In most circumstances you can sucessfully read an EBCDIC file into a SAS data set on an ASCII system. As stated in the introduction, the techinques described here were developed primarily for PC SAS users, but with modifications to the INFILE syntax they will work on any ASCII platform that runs the SAS System Release 6.11 and later. The examples in this paper were developed on a Windows NT system running SAS Version 8.0 TSM0.

Abbreviations and Definitions.

  • EBCDIC - Extended Binary Coded Decimal Interchange Code
  • ASCII - American Standard Code for Information Interchange
  • FTP - File Transfer Protocol
  • Hexadecimal values will be capitalized and quoted with a lower case x following the closing quote.
  • Packed Decimal data is abbreviated PD.
  • Integer Binary data is abbreviated IB.
  • RDW Record Descriptor Word. A 4-byte IB value that describes the length of a record in a variable record length mainframe file. The data is stored in the first two bytes. The last two bytes are reserved by the operating system.

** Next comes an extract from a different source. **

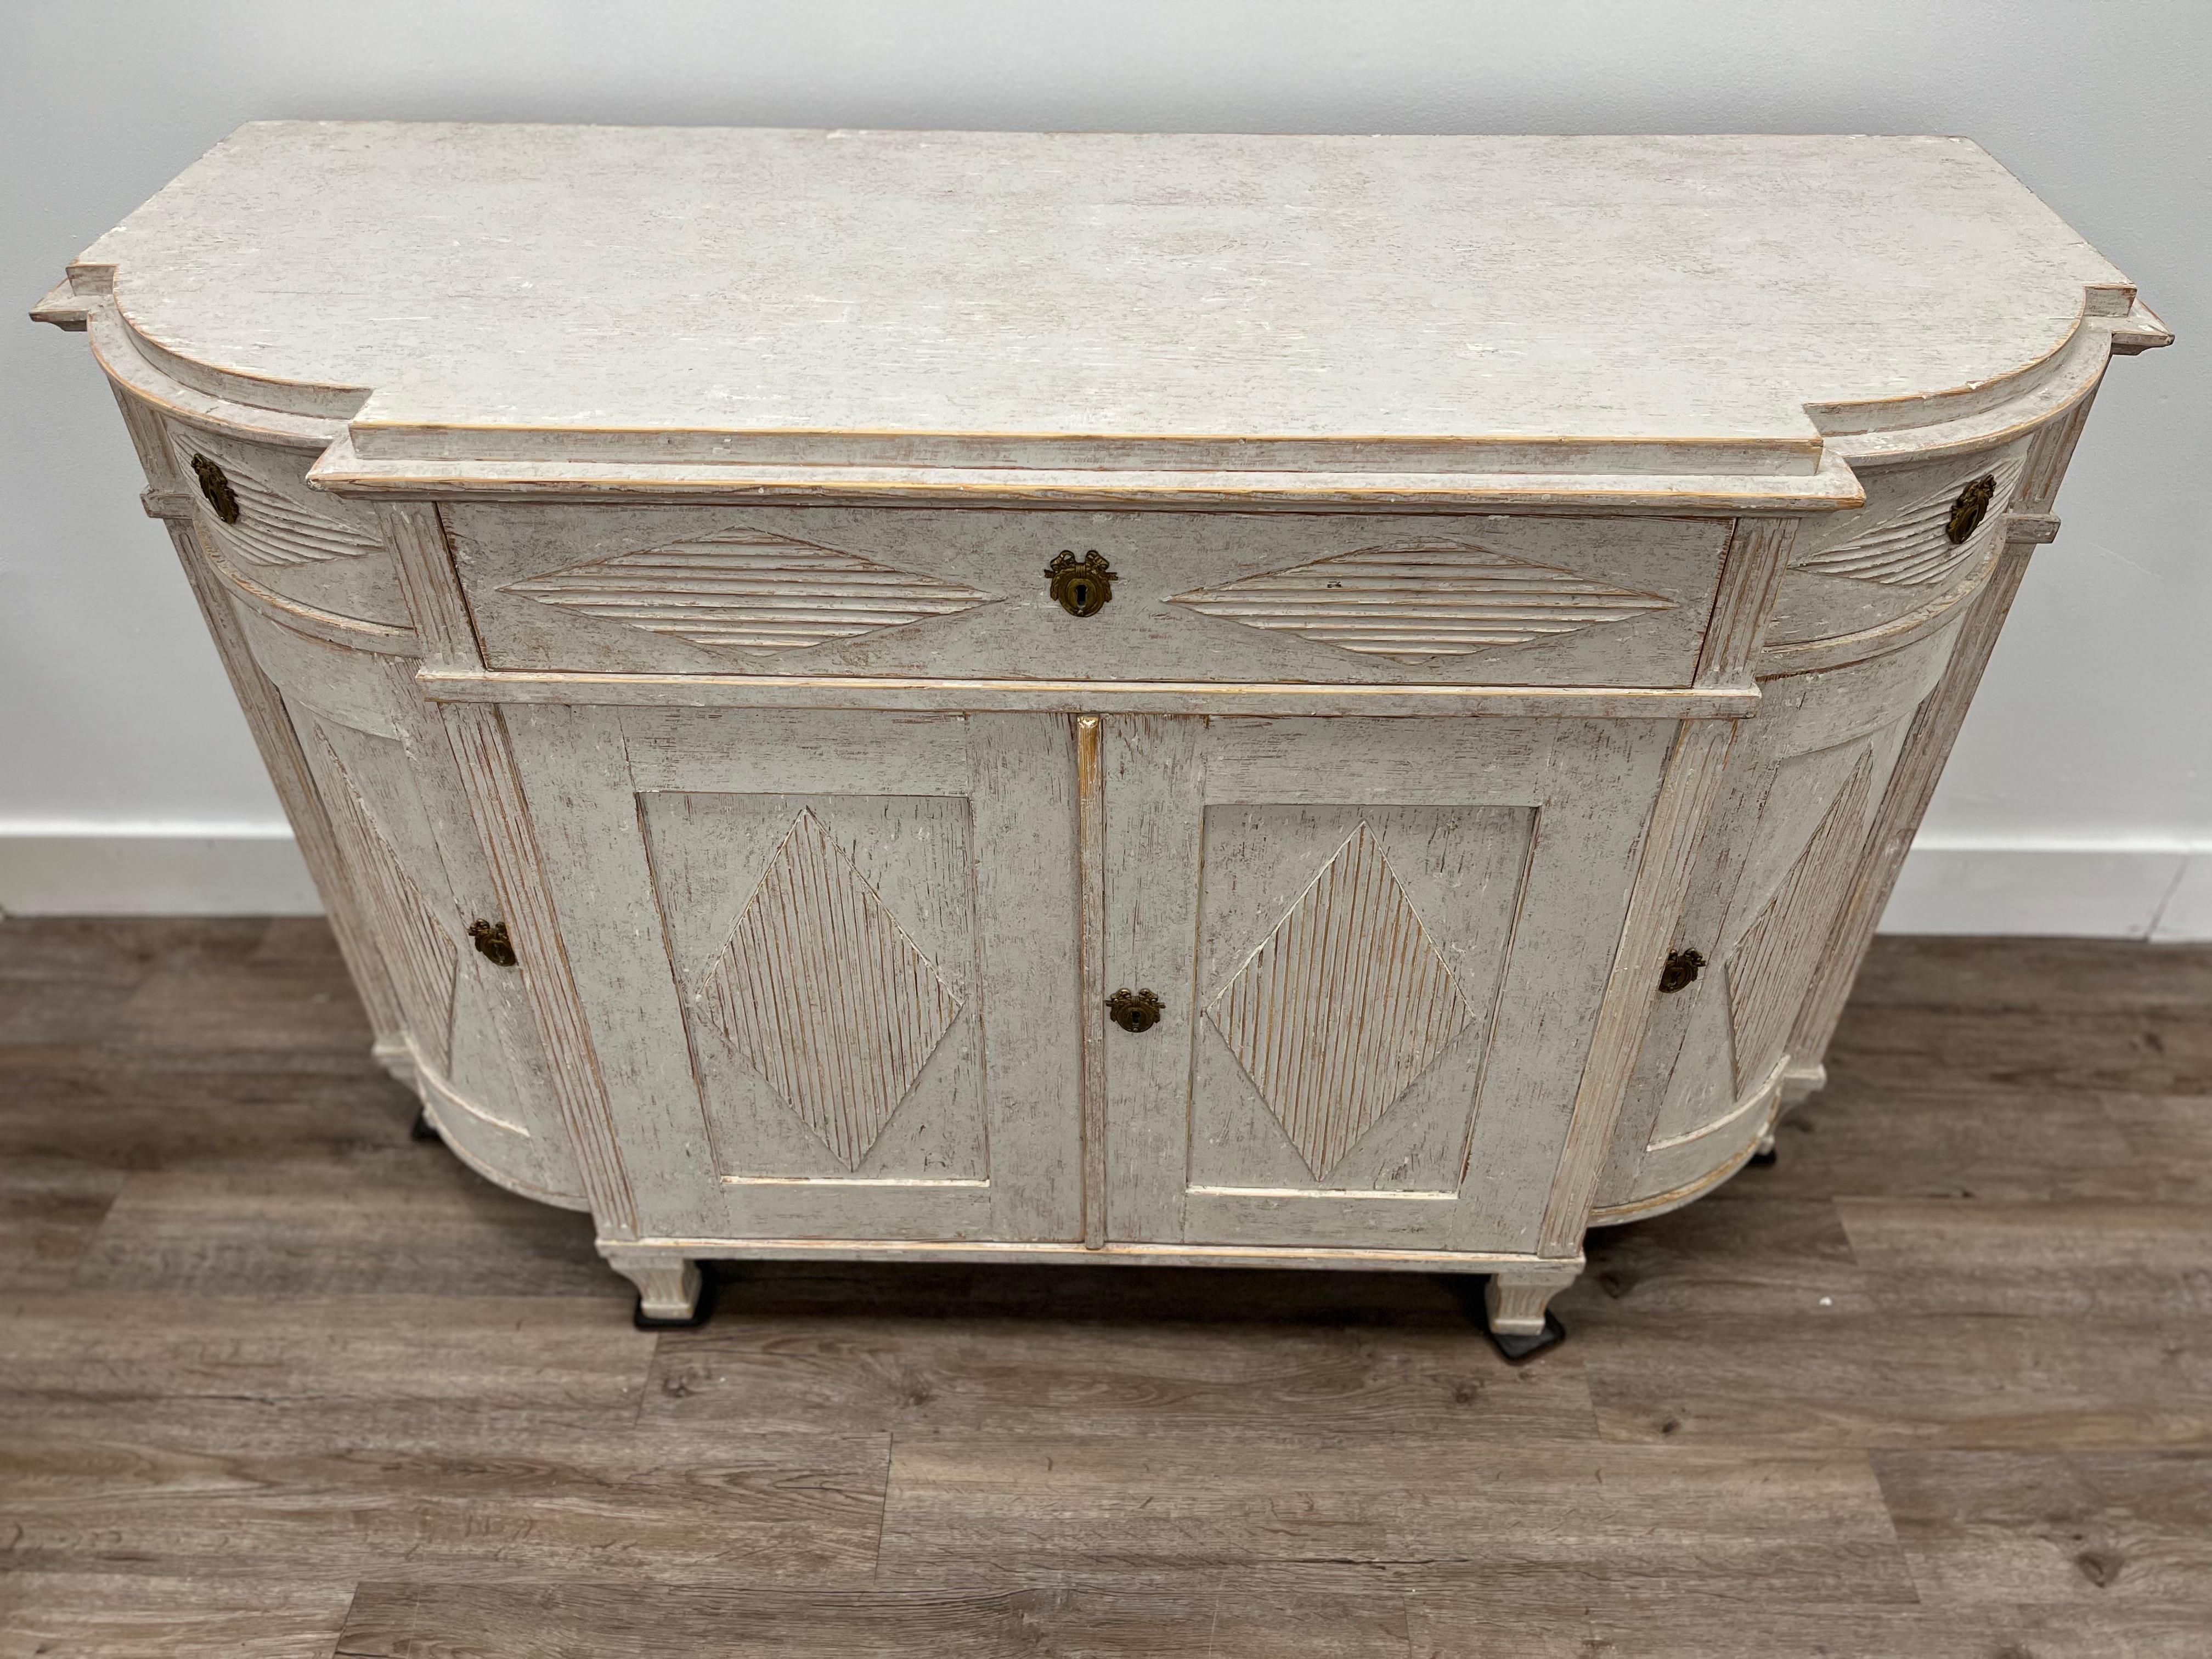 A long Gustavian style sideboard with original brass hardware and locks. Featuring a raised top and curved corners with horizontal diamond-shaped reed detail on the drawer fronts and vertical diamond-shaped reed detail on the door fronts. Behind the

  • BDW Block Descriptor Word. A 4-byte IB value that describes the length of a data block in a blocked mainframe file. The data is stored in the first two bytes. The last two bytes are reserved by the operating system.

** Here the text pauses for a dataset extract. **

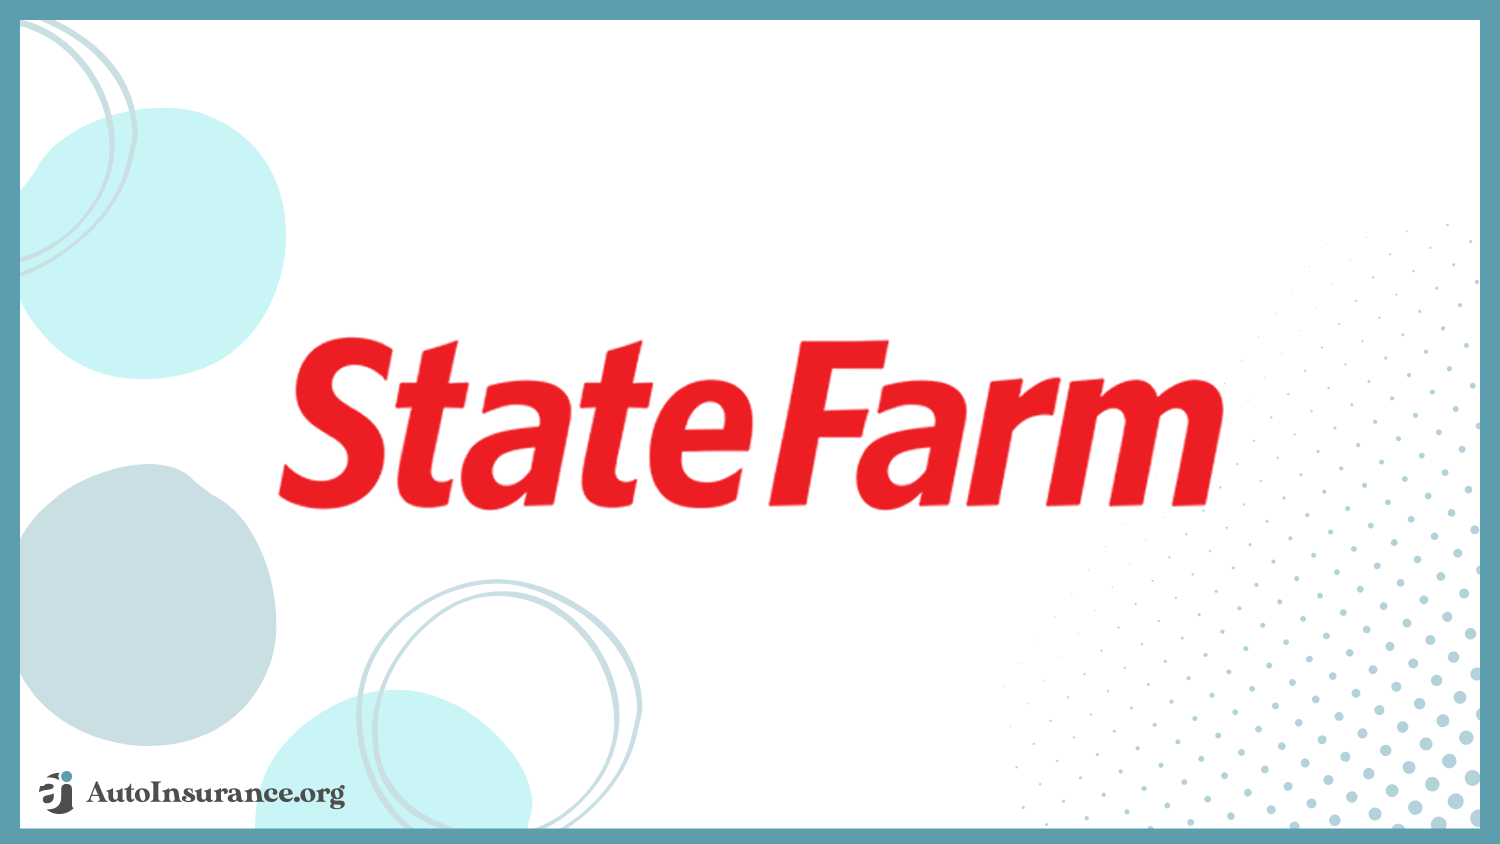 State Farm: Best Auto Insurance for Drivers Under 25

  • EOR End-Of-Record marker. Normally some combination of '0D'x, a Carriage Return (CR) and '0A'x, a Line Feed (LF).
  • EOF End Of File marker. '1A'x on PC's and some other ASCII platforms.
  • HON High Order Nibble
  • LON Low Order Nibble
  • RECFM= RECord ForMat
  • RECFM=F is Fixed record length, all records are the same size.

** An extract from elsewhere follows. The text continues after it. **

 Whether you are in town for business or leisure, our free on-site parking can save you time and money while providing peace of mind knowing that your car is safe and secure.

  • RECFM=V is Variable length records. Length of the records are not necessarily the same.
  • RECFM=N Reads data as a data stream with out any record structure. LRECL has no meaning in this type of read.
  • RECFM=U (EBCDIC systems): Undefined record length. Unblocked. Basically the same as N above.
  • LRECL= Logical RECord Length. Number of bytes on each record for RECFM=F files or maximum record length for Variable length files on ASCII machines. Maximum record length +4 on mainframes.
  • S370F Informats - These are Informats that were created to read special numeric values like PD or IB from EBCDIC files on ASCII machines. They all begin with S370F.
  • Standard Character Set - For the purpose of this paper, the Standard Character Set will mean those characters that can be typed in from a standard keyboard.